We can probably also quickly agree that a text of 16 words is not exactly realistic for writing a short blog post or at least it’s hard to cover a topic with.
But a text of 80-100 words can easily be a realistic bid for a blog post that describes a topic briefly. Therefore, we must test a text that briefly explains a topic and see if it then gets a higher score.
We then tried a slightly longer text of 85 words from Wikipedia, which describes what machine learning is.
Here the result is much better. The text analysis yielded 16 keywords (Only the 5 most relevant are shown in the example), a very precise overall topic (Computer science with the subcategory, artificial intelligence), and three very specific content topics.
The result of the above analysis gave a score of 85, which is quite reasonable and is a text and score that we could recommend others to link to and get a link from.
Word count and text analysis of page 1 vs page 5
Let’s take a look at an example from the real world and see if there is a difference between pages that rank at the top of results page 1 and at results page 5, of some random search queries.

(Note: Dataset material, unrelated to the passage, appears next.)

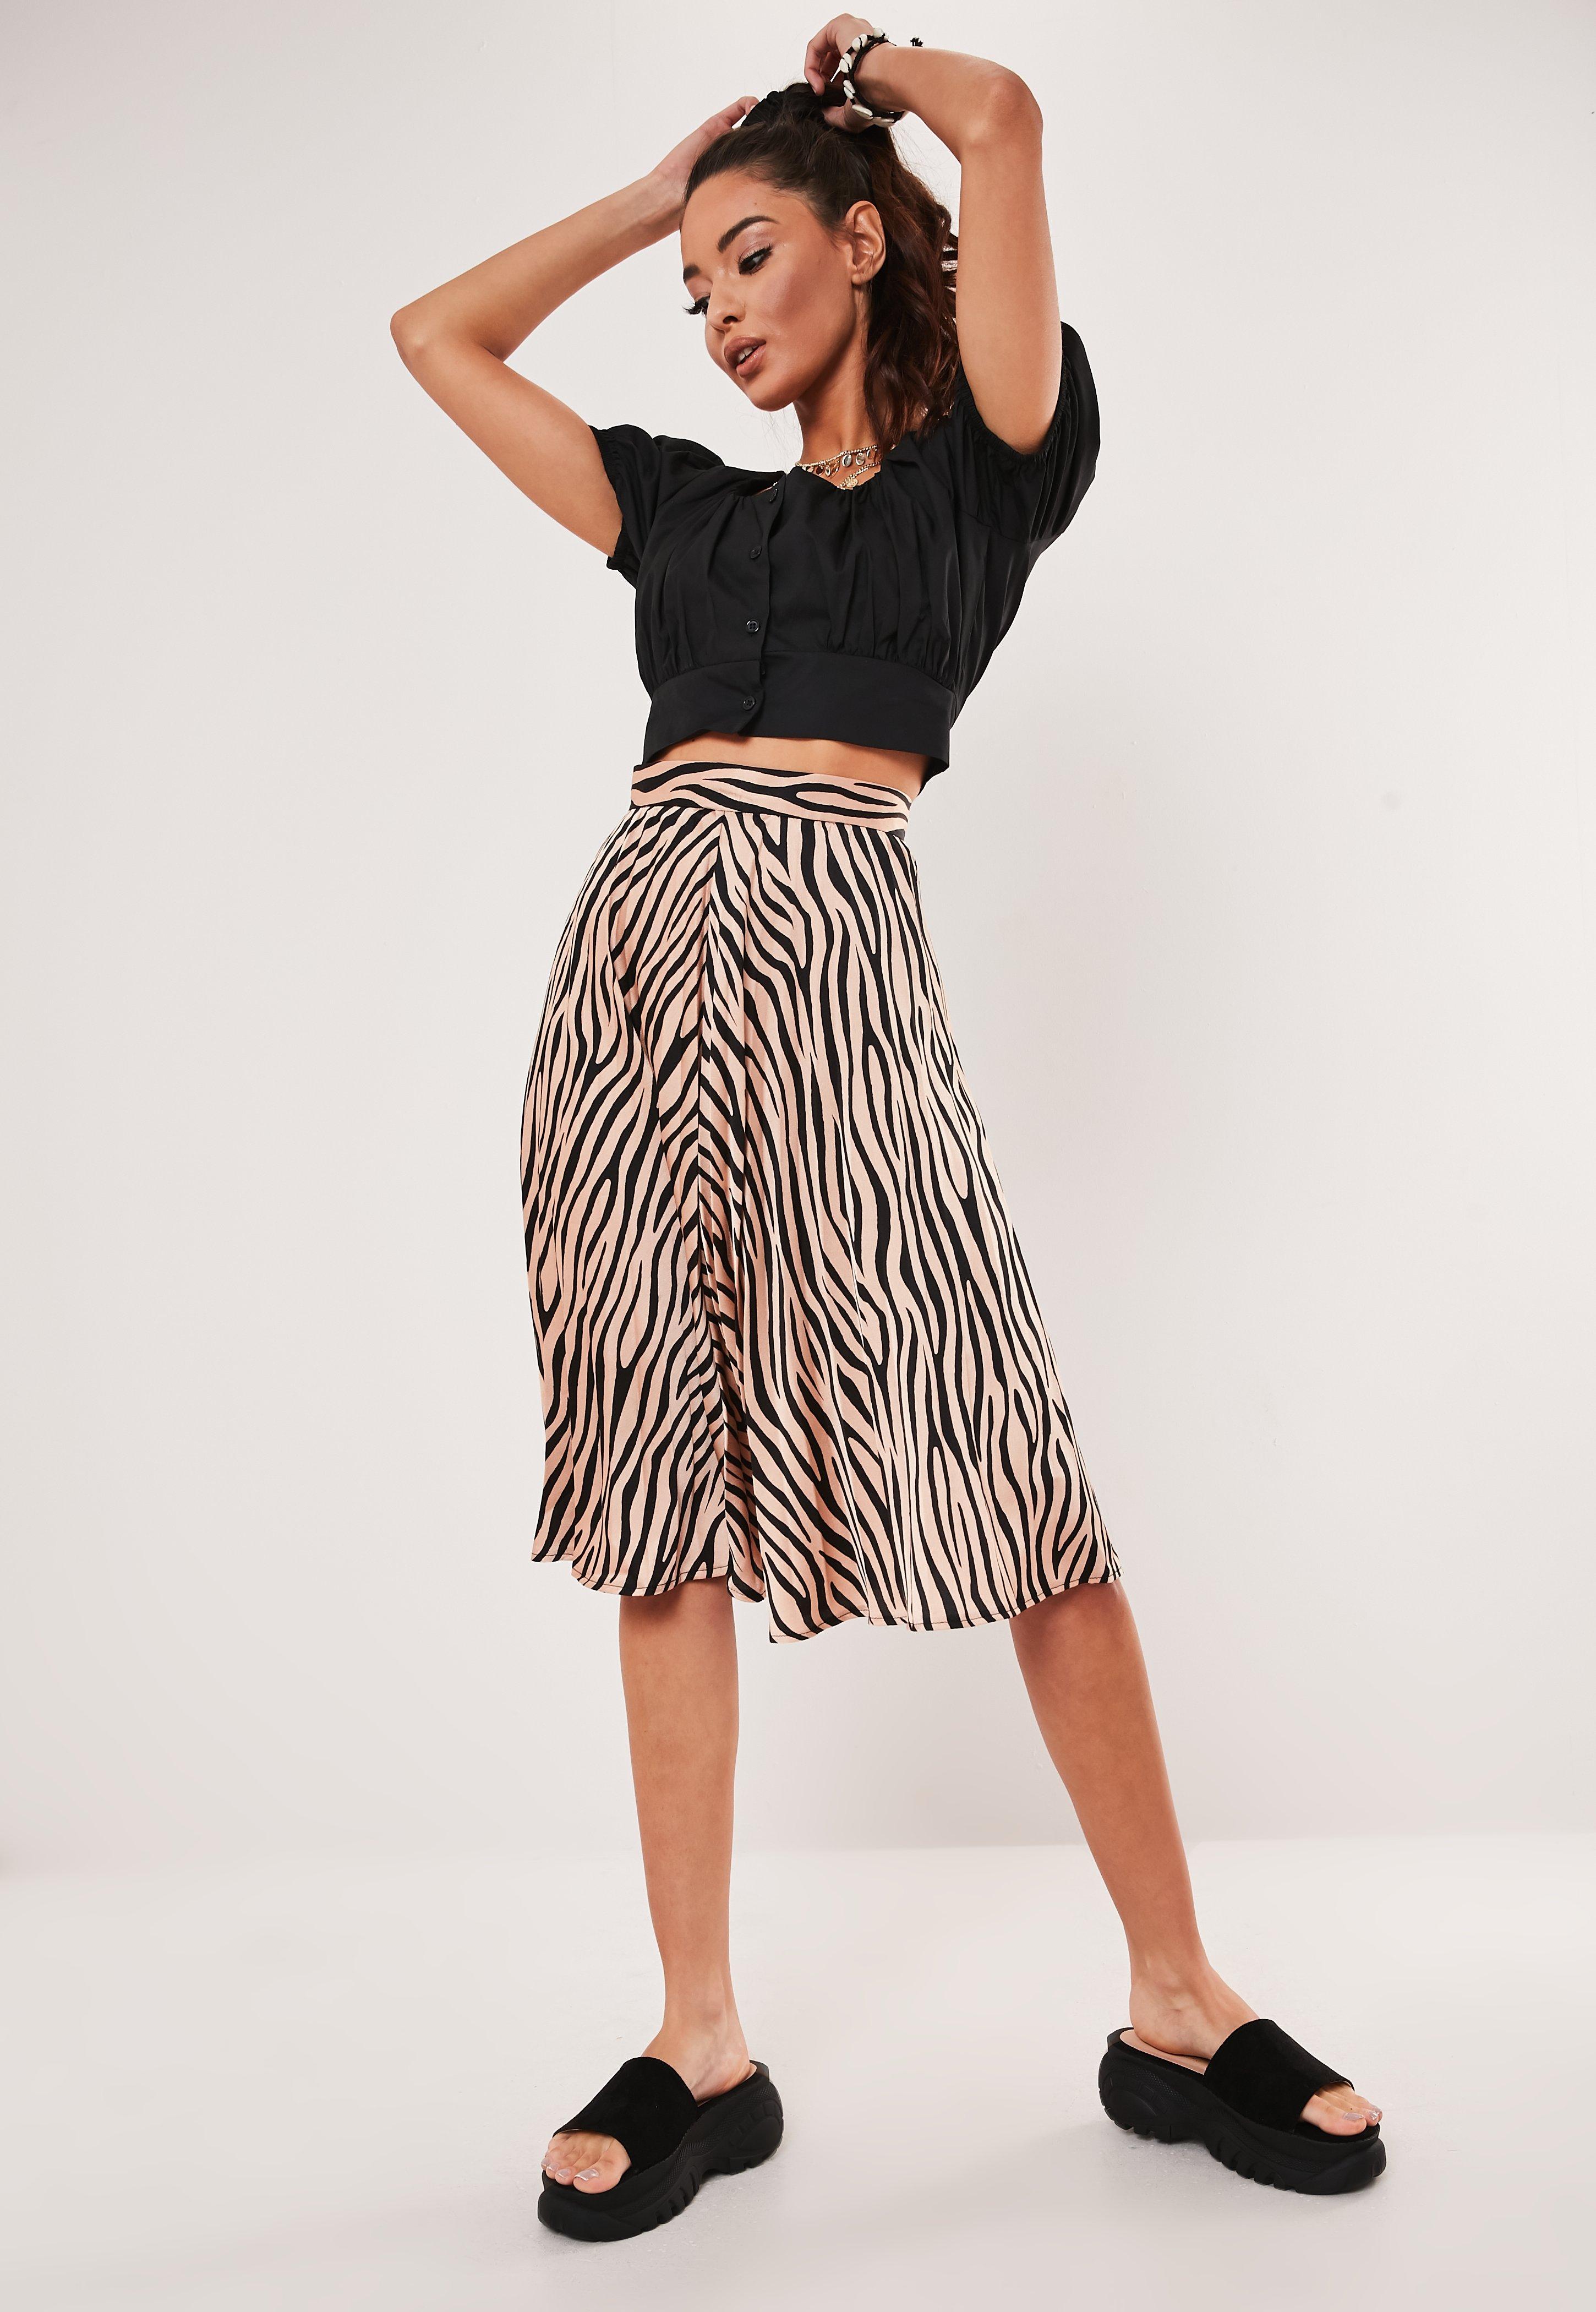 95c4a46ffe Petite Skirts, Womens Petite Maxi Skirts - Missguided

In the first test, we look at whether a result on the first page gets a higher relevance score than the result on Google’s rank page 5.

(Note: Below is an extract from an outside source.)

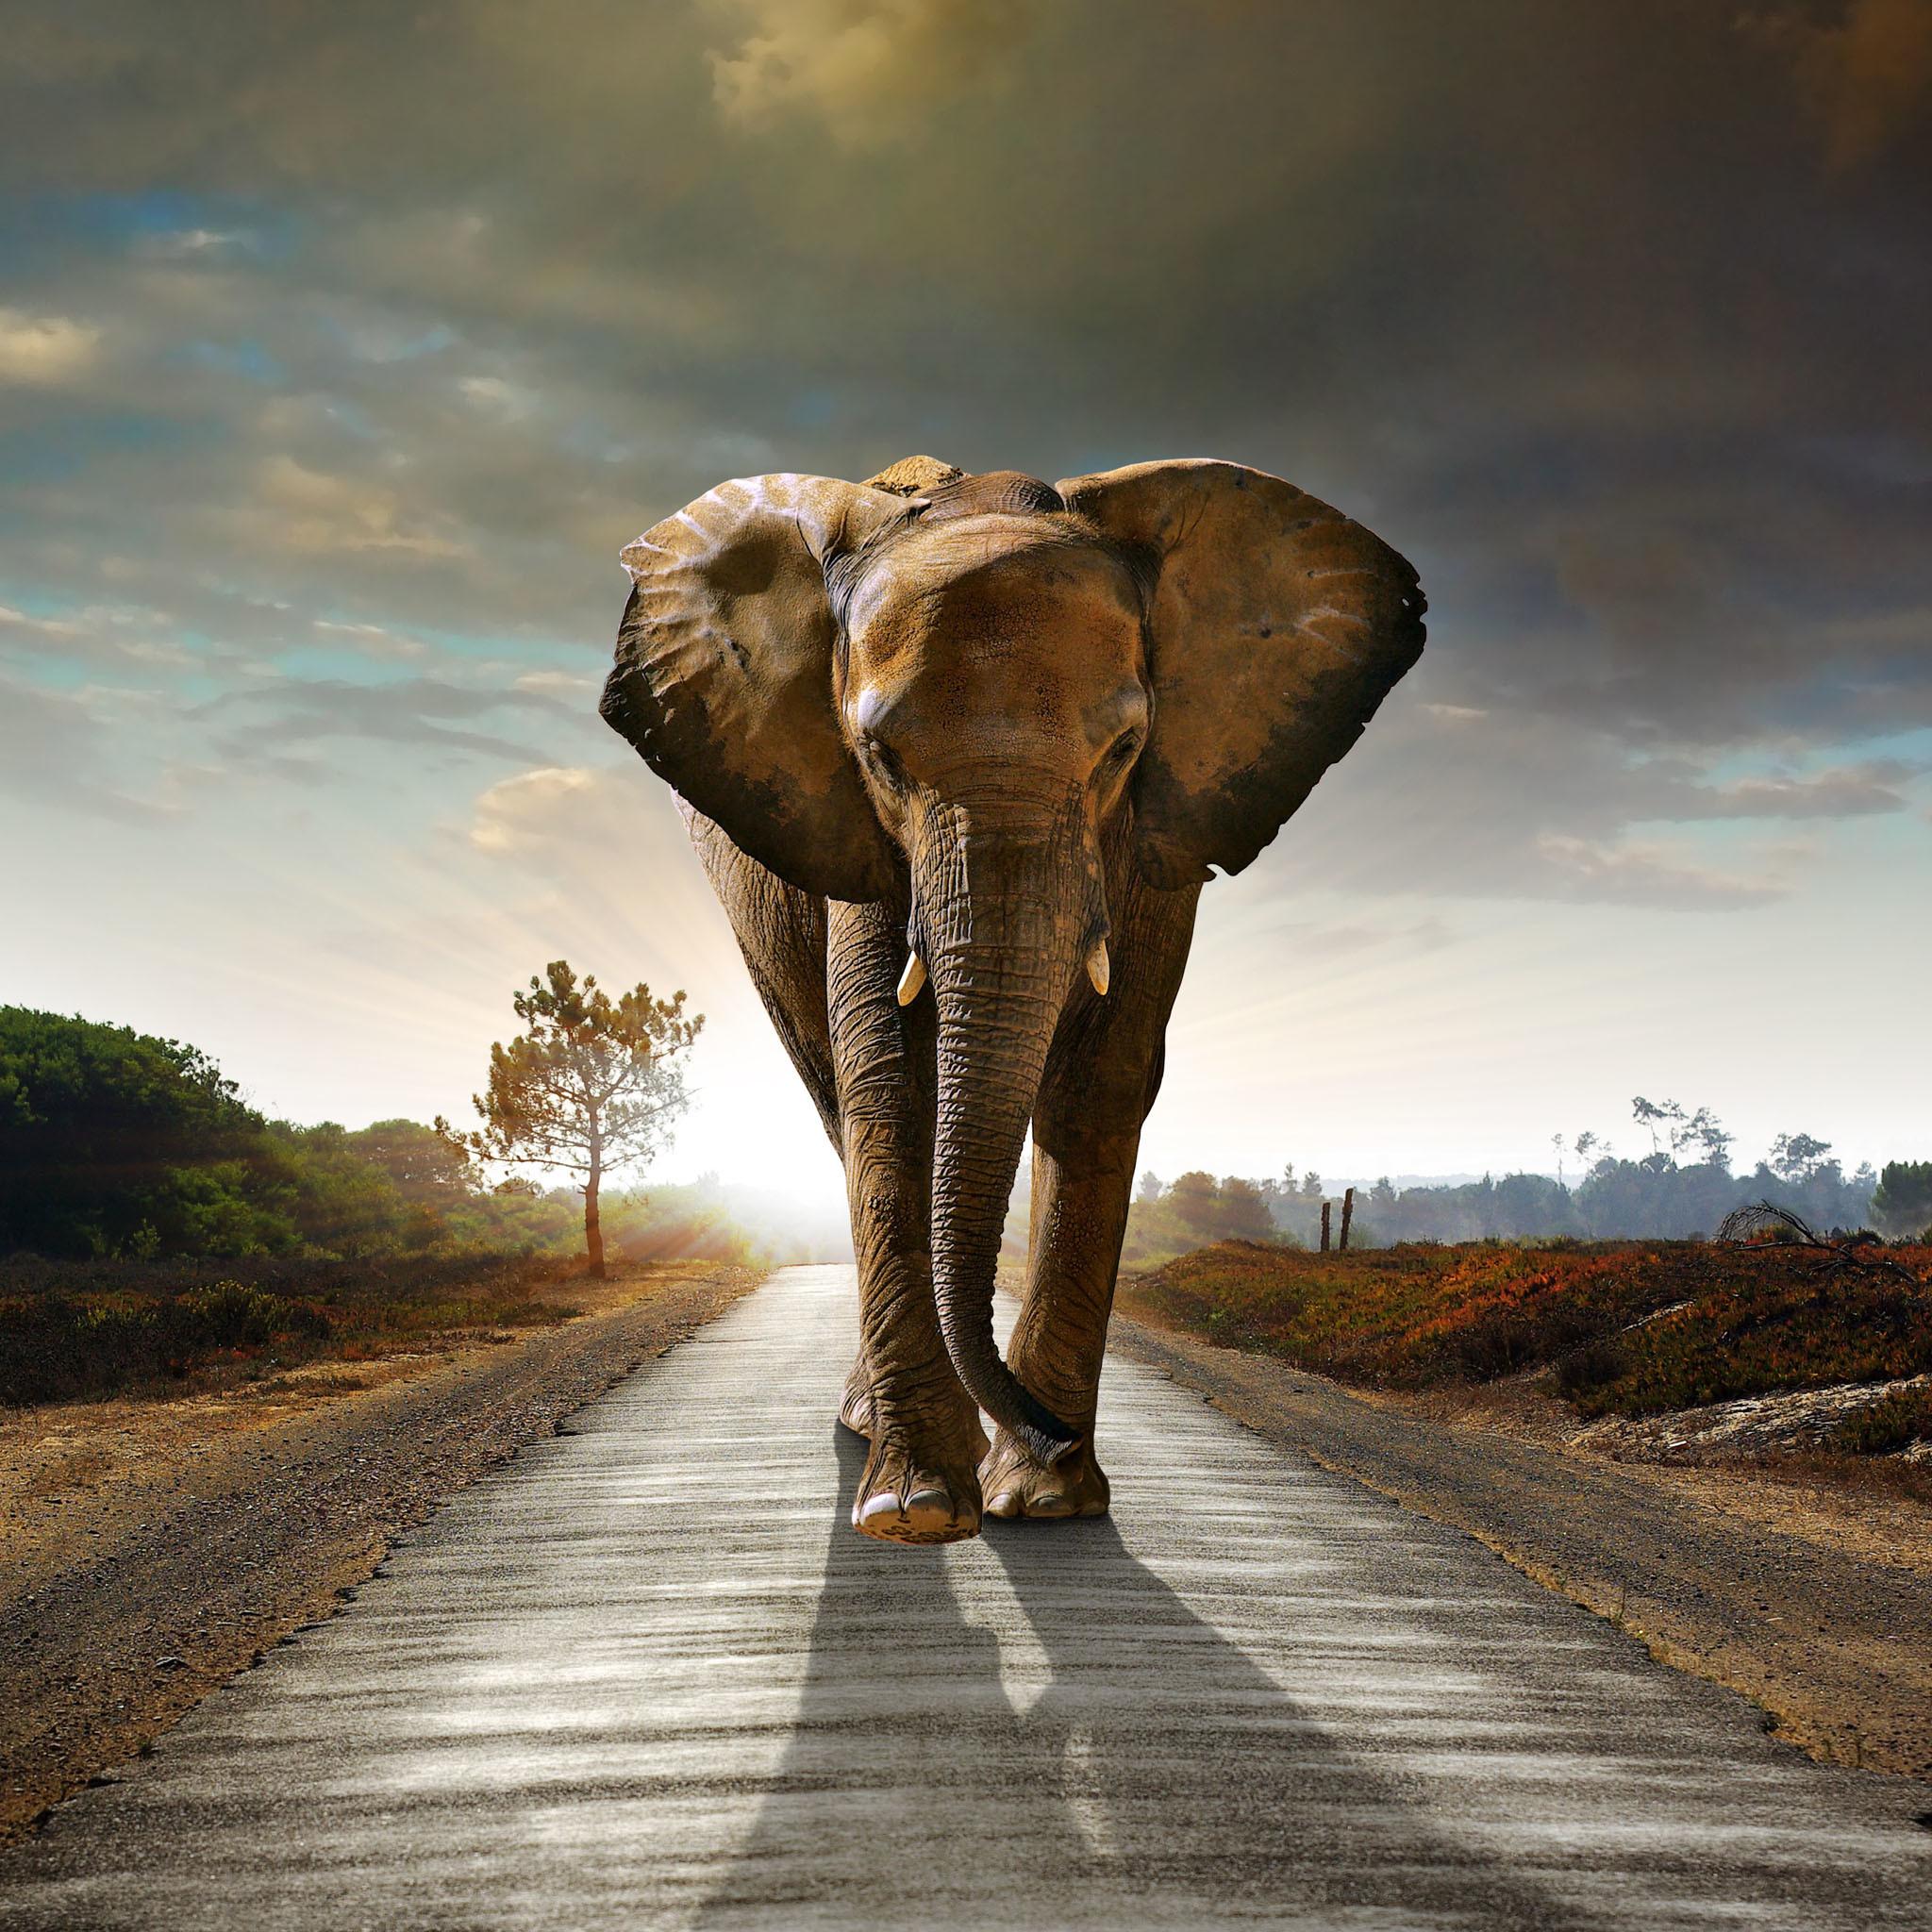 Res: 2048x2048, Elephant HD Wallpapers Desktop Pictures

We start by searching for the query “best mask”.
The first organic result on the search query is selected, as well as the first organic result on page 5.
The first analysis of the article from Forbes shows a full-text analysis with all data types occupied with results.

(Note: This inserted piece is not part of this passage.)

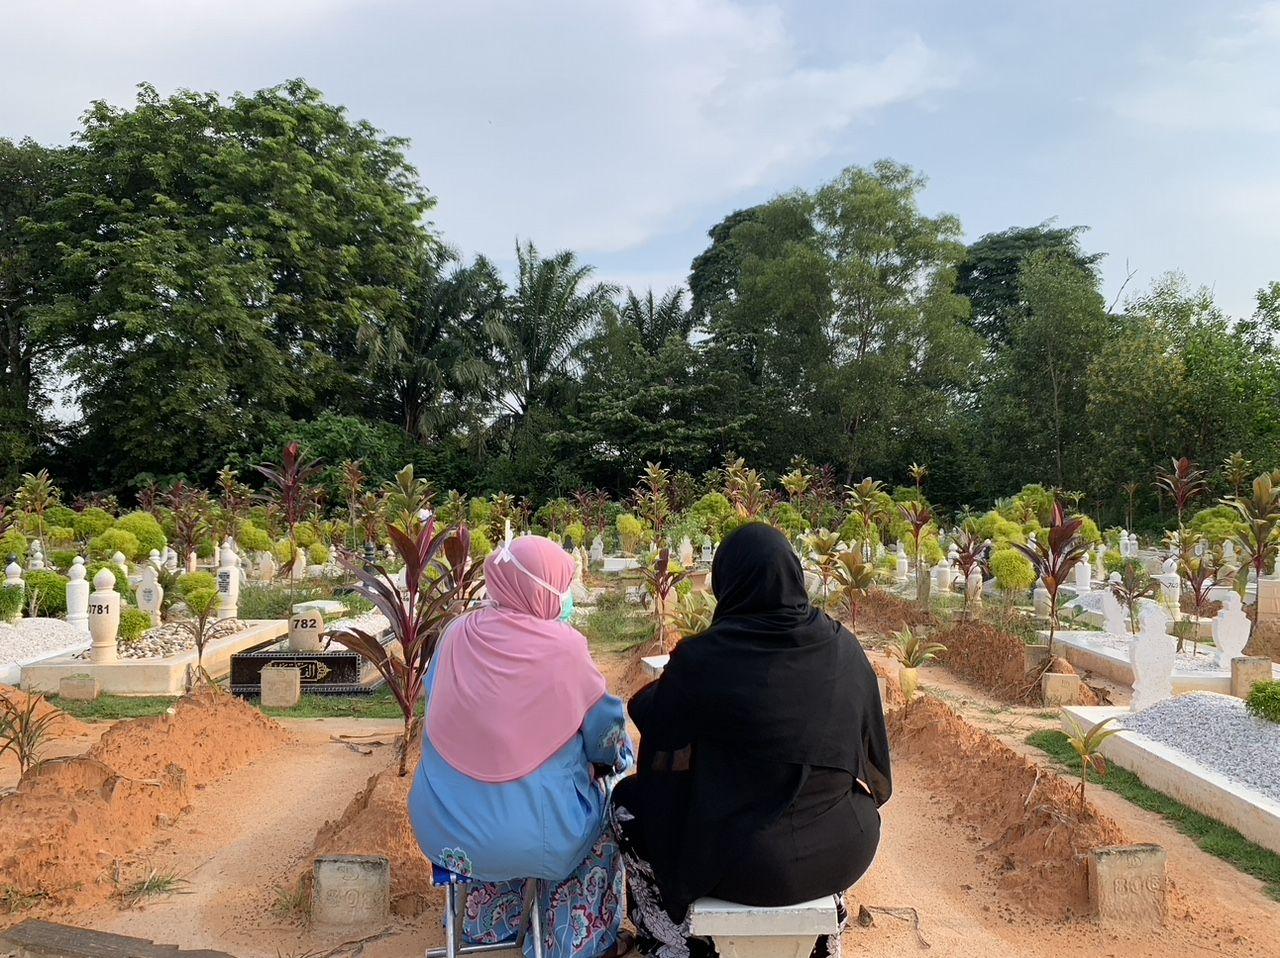 Malaysia Vs Covid 19: Director Zabrina Fernandez's Eye-Opening Documentary

The analysis of the Forbes article showed over 20 keywords, two overall topics, and two content topics. Also, the analysis gave a score of 75, which is not the best score, especially if we look at the example above that got a score of 85. We will get into later why such a long text does not score very high in the text analysis.
The second analysis is based on the article from Today and showed a much worse result.
The machine did not manage to find an overall topic for the page, and that the analysis gave a score of 42. But if you take a look at the word count, there is also a big difference in the length of the two pages.
Here it is difficult to directly conclude whether it is the word count or the better context analysis that may be the reason why Forbes ranks far better.
Although if we also look at the number of backlinks per page and the authority metrics of the respective websites (retrieved from ahrefs), Forbes should not be 5 results pages higher up in rankings than Today’s article.
So it is probably not authority which makes the big difference in this example. on the contrary, it tells a completely different story, which we do not get into today.
Another way to ask the question about word count could also be: “what is the minimum word count for SEO?”
The conclusion of the ideal word count for SEO in 2020
It no doubt takes a few words for the search engines to understand what a text is about, but it may not be in as high a word count as first assumed.
With machine learning, Google and search engines better understand your content without having to type thousands of words. As the example with the text of 85 words, it explained briefly and exactly what the topic machine learning is, but it is clear if you want to write content that covers several topics and goes in-depth with several things, then, of course, there must be more than 85 words to do so and the word count can quickly hit a few thousand (just like this post).
However, we have also seen that a long text that is NOT written with the user and context in focus can tend to drift away from the overall topic and score poor scores in the text analysis. Unfortunately, this may be the result of attention to word count instead of context.
The real takeaway from here is that you should write something that gives contextual meaning and something that your users understand and value. That is a conclusion many others have come to as well, but in this post, we have also shown you WHY.
If you just make sure your text got context the search engines should understand what you are trying to tell. Of course, there is much more to SEO and high rankings than word count, which is why it might make better sense to focus your efforts elsewhere than word count.